February 19, 2007

Return to Lower Manhattan


Not this, but...

Today, my company moved back to lower Manhattan.

We were there for a long time before September 2001. A number of years on Water Street, then the big move to the 103rd Floor of the World Trade Center, where we stayed for seven years.

The building had its faults, but we had our fun there. Hon and I used to play "golf" there--putting a ball around the floor, with the final hole being when we banked the ball into Maureen's office.

The best thing was the view. No building in NY had anything like it. We could see planes on the runway at JFK, Long Island Rail Road trains in Nassau County (no joke), processions of outbound cruise ships at a certain hour on a Friday afternoon.

Then, one day, gone. The building, and many good people, gone.

---

We found space near Grand Central that had been just freed up by a bankrupt dot.com firm. Then, a year after that, we moved to another place off Park Avenue in the 50s.
It was an attractive building in an upscale neighborhood, but every day I was there I missed downtown. For reasons that are many.

One practical reason is that most of the people I do business with are near downtown. Another is that the commute from Bay Ridge to downtown is 30 minutes each way, as opposed to 50-60 minutes to the east side of midtown.

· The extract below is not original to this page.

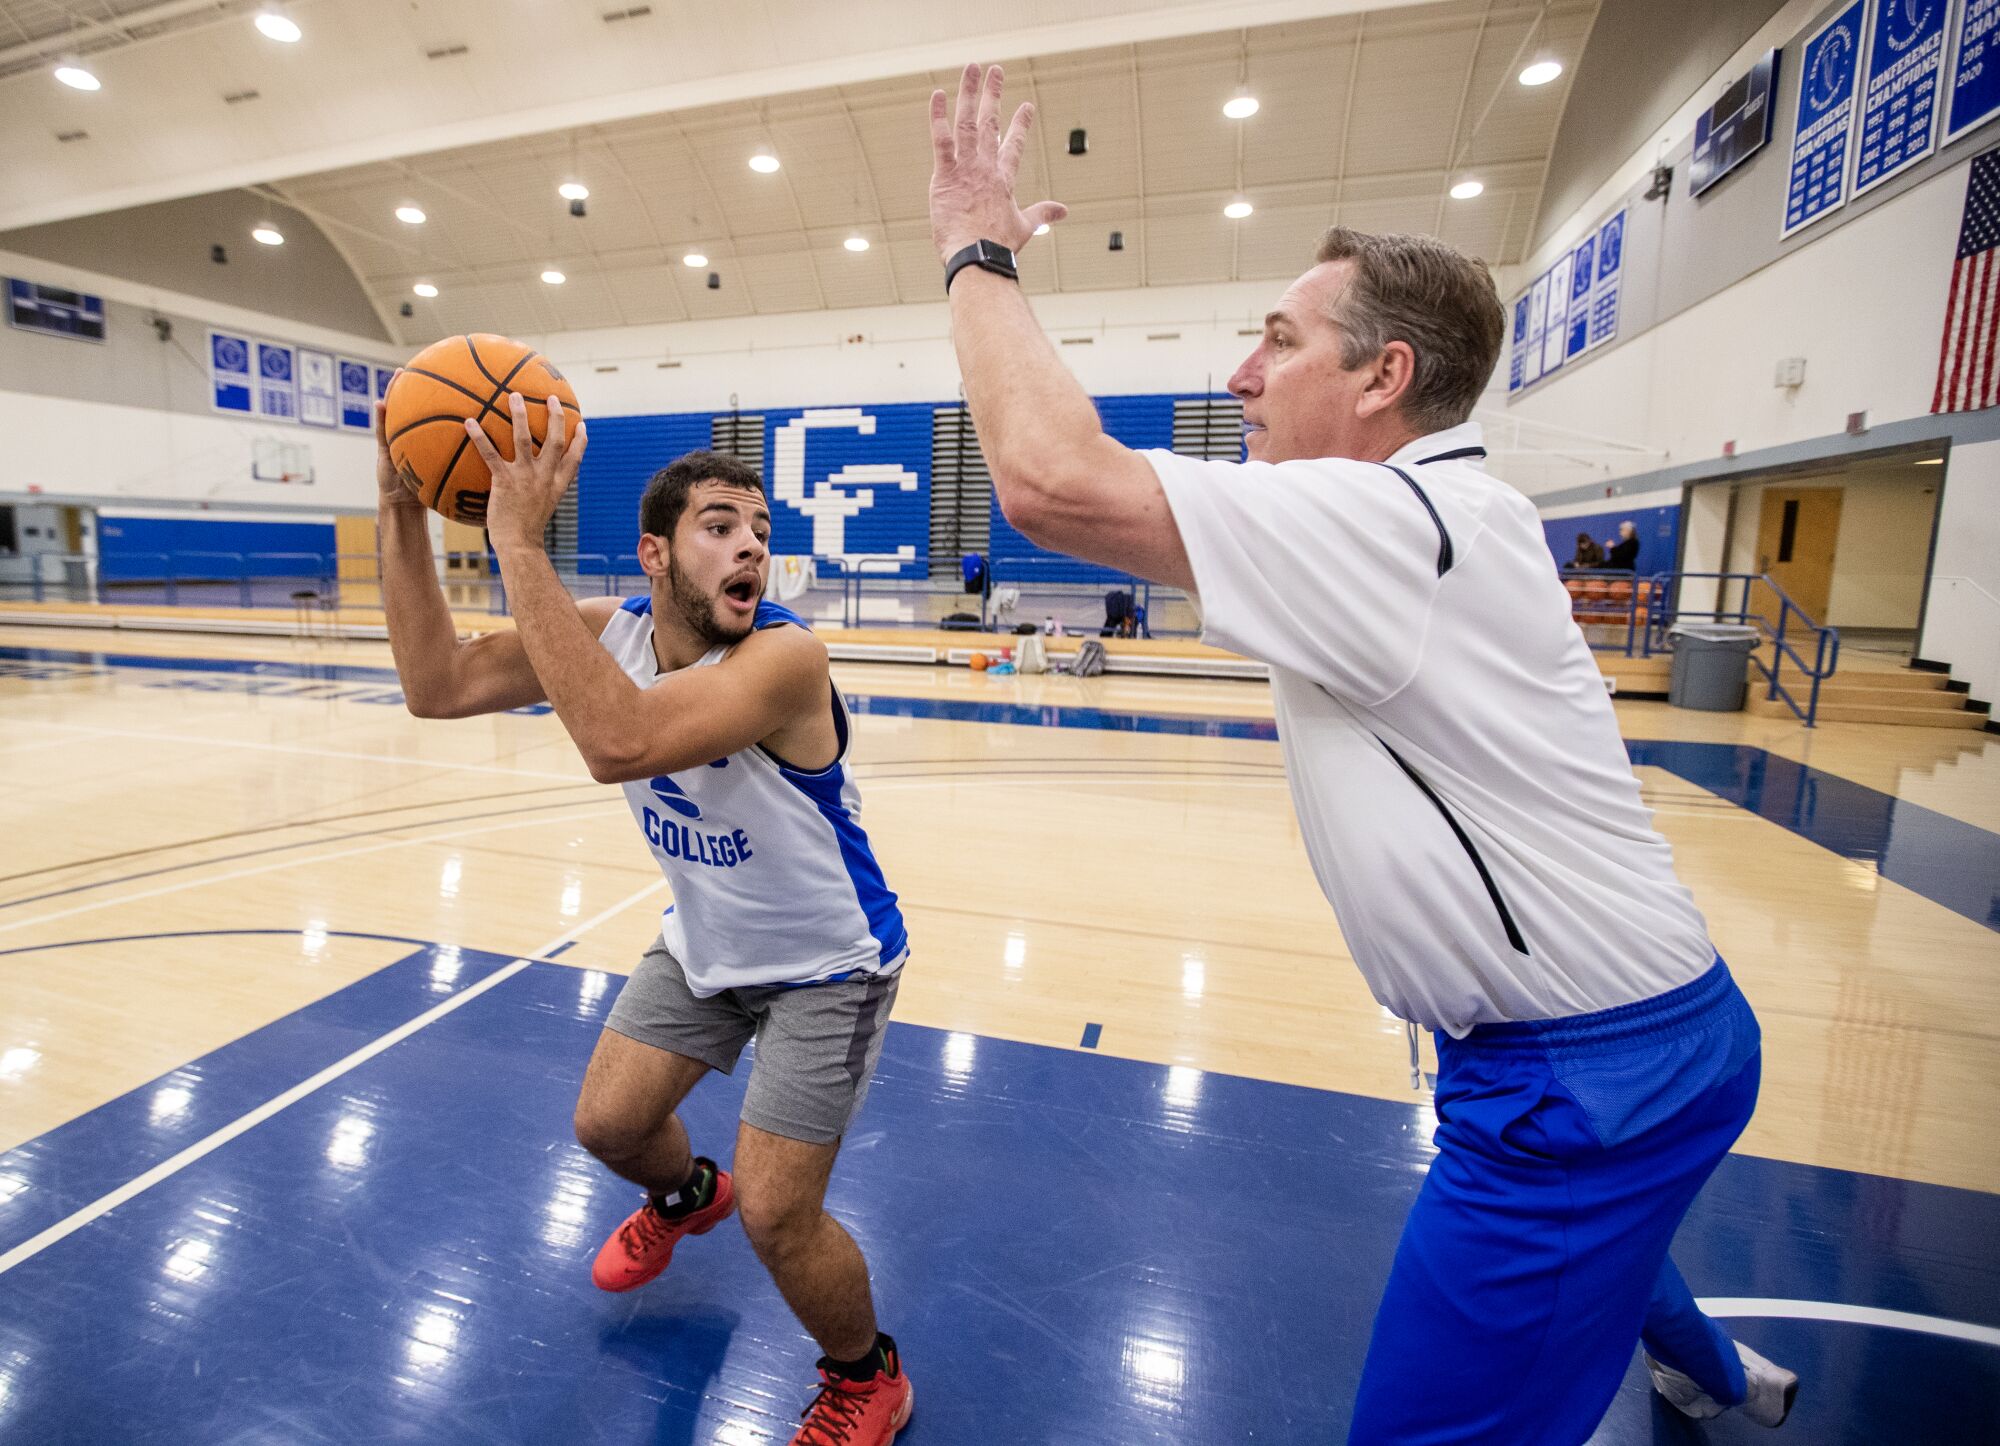 Kade West goes up for a shot during a practice session with Coach Russ May,
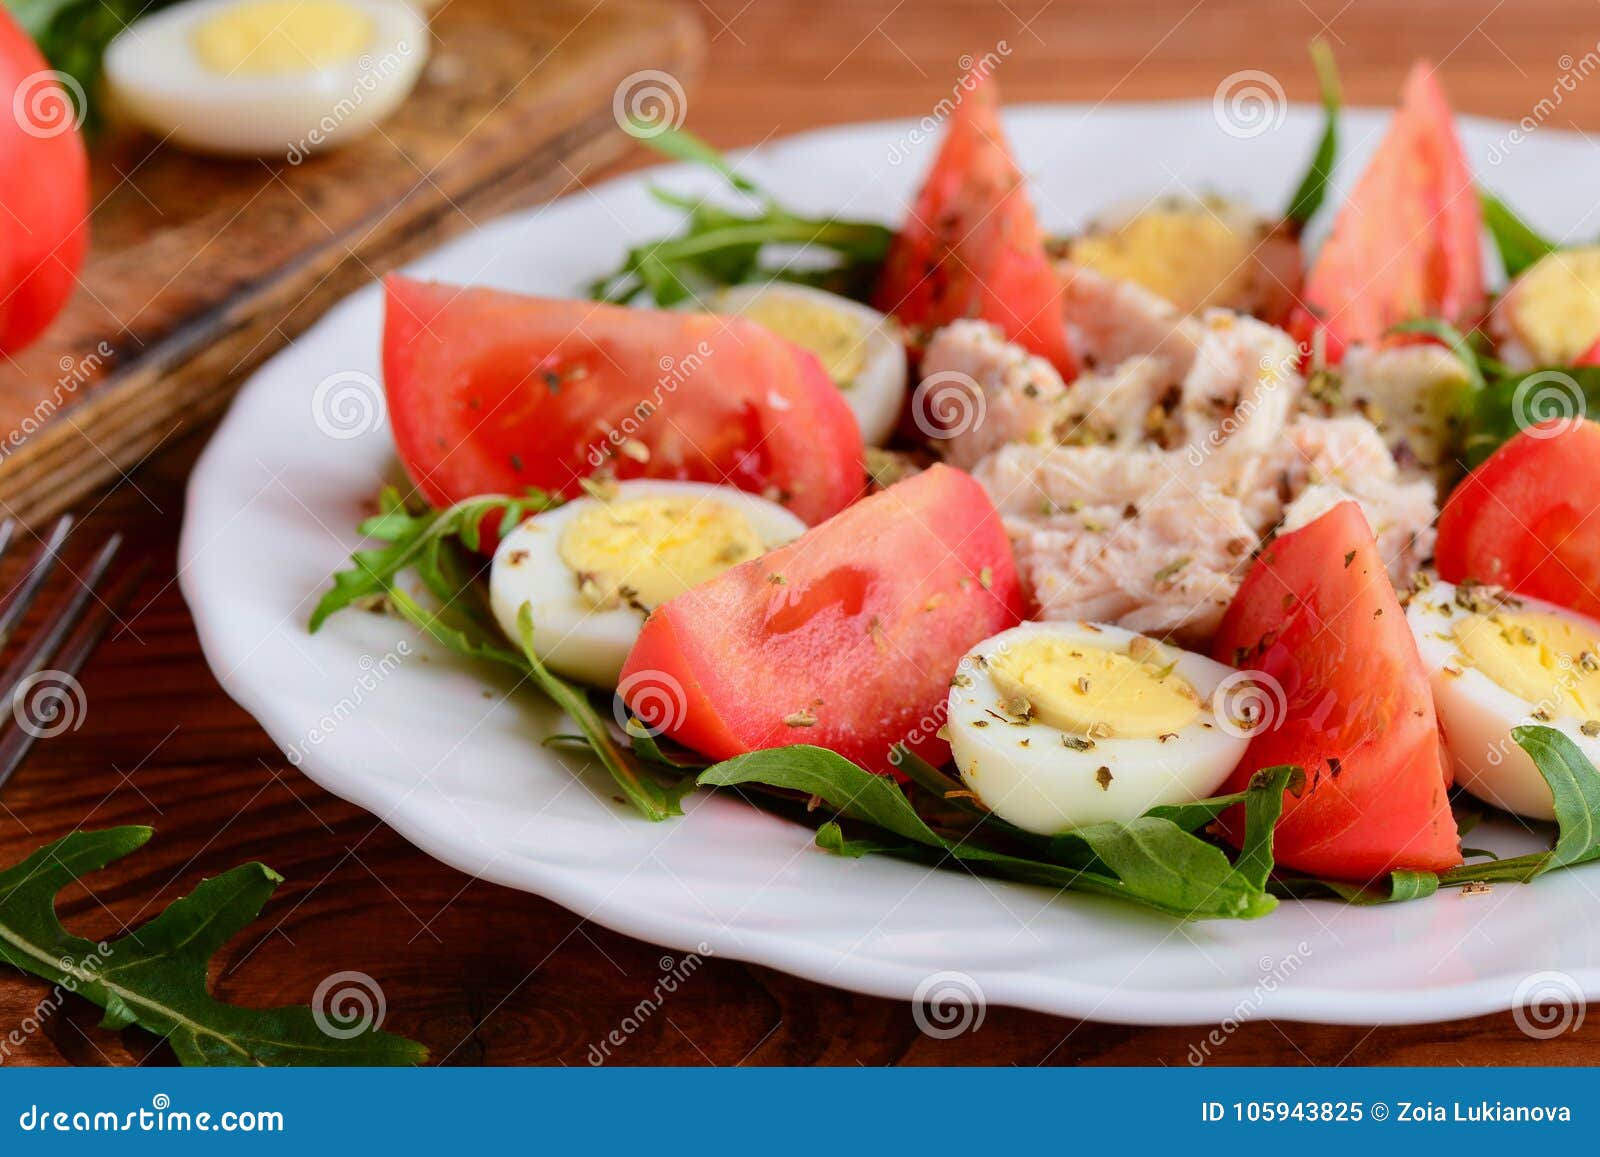 Chicken Breast Tomatoes Quail Eggs And Arugula Salad Healthy And Tasty Salad For Lunch Or Dinner Stock Image Image Of Dressing Cherry 105943825

But there are other reasons. I like the quirkiness of downtown, the dive bars and the small restaurants and the blue collar feel of much of it. The East Side of Midtown was jewelry, Brioni suits, and Belgian chocolates. While there's nothing wrong with those things, I'm more likely to be buying a Bud than a Brioni when work ends this Friday.

The last reason is that downtown Manhattan took a terrible blow five years ago, and I always felt bad that I could not do more personally to help it recover. Well, though things are far better than they were a few years ago, the recovery is not complete and from this point on, I will be downtown, a part of it, hopefully making it a better place.

I like my new building. Its on Water Street, weirdly close to the place we worked 12 years ago. My office, like my old one at the WTC, faces the water and the promised land of Brooklyn. If I look to the left, there's the Brooklyn Bridge, to the right, the Verrazano Narrows Bridge.

The World Trade Center days won't come back,but we're back home at last, and that makes me immensely happy.